Maybe you'd be interested to learn about plan9's graphical terminal. Its window manager runs entirely within it, and all windows just represent multiplexed access to limited areas of the terminal.
correct. the in-band sequences are dangerous and unwieldy. they don't convey enough information. they are a hack to work within the limitations if historical terminals. that's what this whole thread is about.
a separate graphics channel creates a separate window. then you have two windows. not good either. it needs to be one window, and considering that this window should be able to support multiple remote connections it needs to be local otherwise i would get a new window for each server i connect to. that works for some people, but not for me. and it needs to work through a single channel like ssh/mosh or another similar protocol and be forwardable.
so i want a third option. one approach is sending semantic data, letting the terminal interpret it and display it graphically. this is interesting because shells are already exploring semantic data. (elvish, murex, nushell, others...)
plan9 sounds interesting. i see several efforts to port aspects of it to linux. they all seem to have stalled. more work needs to be done here. that's what i am advocating.
It could be an interesting paradigm, though, to have a hybrid between fullscreen and traditional tty programs: you output some forms, they are displayed by the terminal inline, but your scrollback just works like normal, and you can freely copy and paste stuff into the form.

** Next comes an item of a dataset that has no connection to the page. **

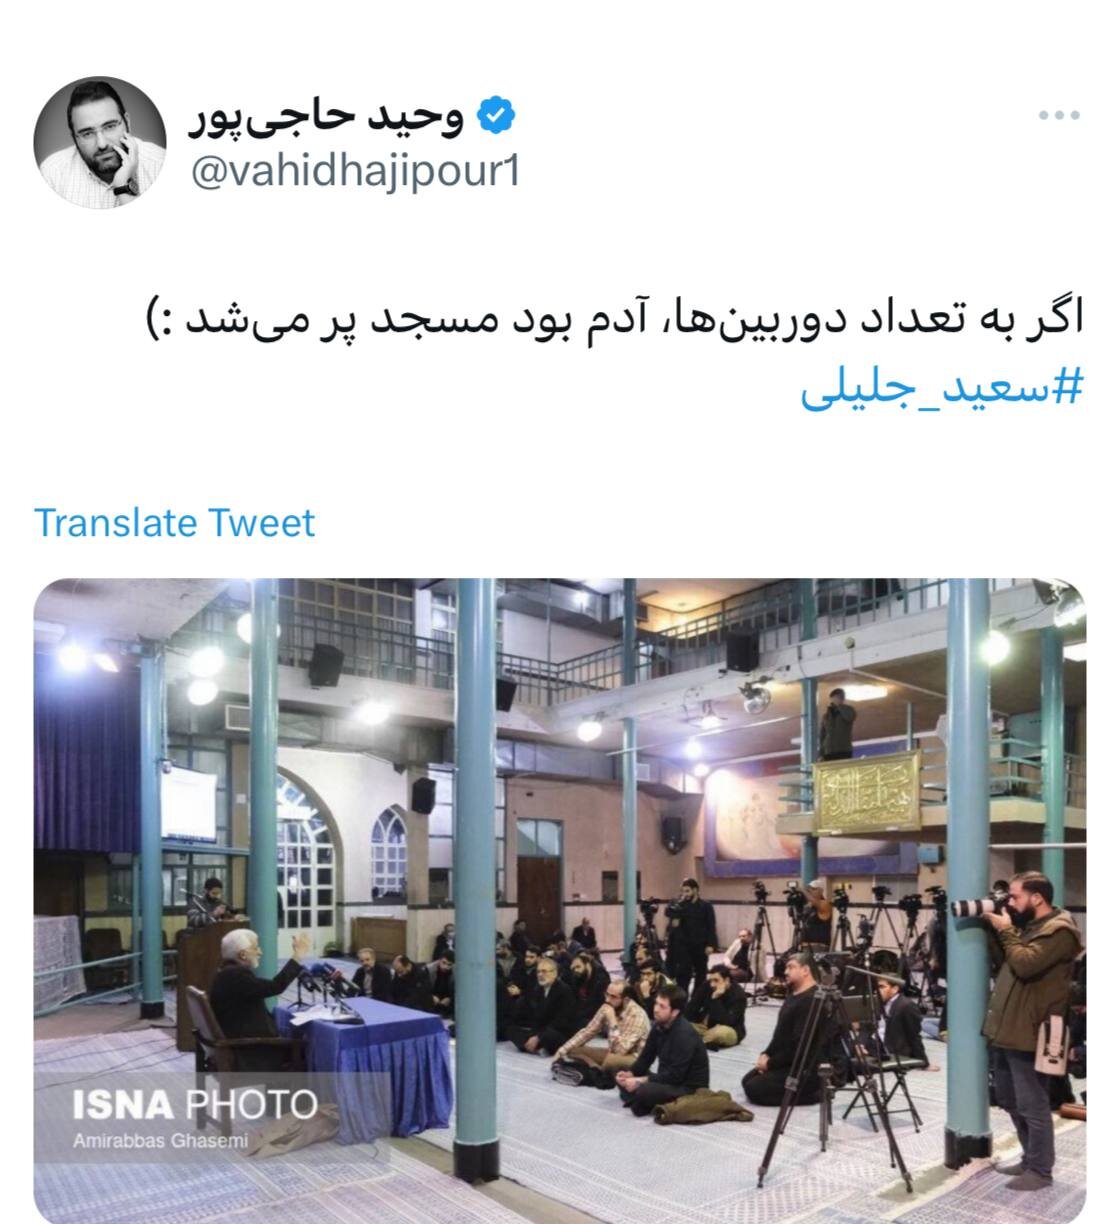 عکس عجیب از سخنرانی سعید جلیلی /تعداد دوربین ها بیشتر از حاضران نشست بود!

Once you submit the form, it becomes non-interactive, but stays in your scrollback buffer. You can select and copy textual data from it, but the form’s chrome cannot be selected as line drawing characters.
Probably could be a piece of concept art, I guess.
Emacs is text based (mostly), but customization happens through the the concept of Faces, not ansi escape codes. You can then embed properties in the text objects and have them react to click events. The only element missing is a 2D context that could be animated (if it's static, you can use SVG as Emacs can render it).